Whenever a line in the material below contains "Black", copy that line.

BEGIN

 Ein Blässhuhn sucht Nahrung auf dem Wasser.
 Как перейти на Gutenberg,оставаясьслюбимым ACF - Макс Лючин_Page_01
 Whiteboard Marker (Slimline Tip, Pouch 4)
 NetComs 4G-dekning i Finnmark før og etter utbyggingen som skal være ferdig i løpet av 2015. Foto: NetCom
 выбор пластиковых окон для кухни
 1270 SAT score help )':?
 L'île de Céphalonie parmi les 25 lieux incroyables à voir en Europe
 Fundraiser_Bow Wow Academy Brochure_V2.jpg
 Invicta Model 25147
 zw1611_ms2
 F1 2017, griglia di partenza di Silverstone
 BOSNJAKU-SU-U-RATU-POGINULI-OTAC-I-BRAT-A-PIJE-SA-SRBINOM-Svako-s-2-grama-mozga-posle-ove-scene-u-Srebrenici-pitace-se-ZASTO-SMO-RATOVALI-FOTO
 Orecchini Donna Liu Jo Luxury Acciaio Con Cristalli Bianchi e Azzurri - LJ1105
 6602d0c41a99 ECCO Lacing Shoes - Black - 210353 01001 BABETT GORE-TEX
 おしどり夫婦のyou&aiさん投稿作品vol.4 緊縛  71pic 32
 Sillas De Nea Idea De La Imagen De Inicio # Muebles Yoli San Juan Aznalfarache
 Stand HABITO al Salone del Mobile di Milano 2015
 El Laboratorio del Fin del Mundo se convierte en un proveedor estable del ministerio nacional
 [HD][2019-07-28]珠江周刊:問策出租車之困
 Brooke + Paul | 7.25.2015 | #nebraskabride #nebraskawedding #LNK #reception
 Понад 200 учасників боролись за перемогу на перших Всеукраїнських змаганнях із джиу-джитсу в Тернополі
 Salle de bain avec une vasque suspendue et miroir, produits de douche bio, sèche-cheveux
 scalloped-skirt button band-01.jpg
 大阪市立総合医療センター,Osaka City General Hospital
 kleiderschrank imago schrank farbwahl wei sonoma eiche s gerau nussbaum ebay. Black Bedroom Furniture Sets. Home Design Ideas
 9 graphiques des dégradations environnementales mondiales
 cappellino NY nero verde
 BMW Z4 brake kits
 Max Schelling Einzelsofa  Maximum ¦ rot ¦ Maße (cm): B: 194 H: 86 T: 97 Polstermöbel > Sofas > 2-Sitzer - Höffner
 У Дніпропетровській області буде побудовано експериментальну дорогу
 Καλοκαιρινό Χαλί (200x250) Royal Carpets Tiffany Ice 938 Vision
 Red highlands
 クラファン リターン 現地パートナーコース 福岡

END

WRITTEN RESPONSE:
 6602d0c41a99 ECCO Lacing Shoes - Black - 210353 01001 BABETT GORE-TEX
 kleiderschrank imago schrank farbwahl wei sonoma eiche s gerau nussbaum ebay. Black Bedroom Furniture Sets. Home Design Ideas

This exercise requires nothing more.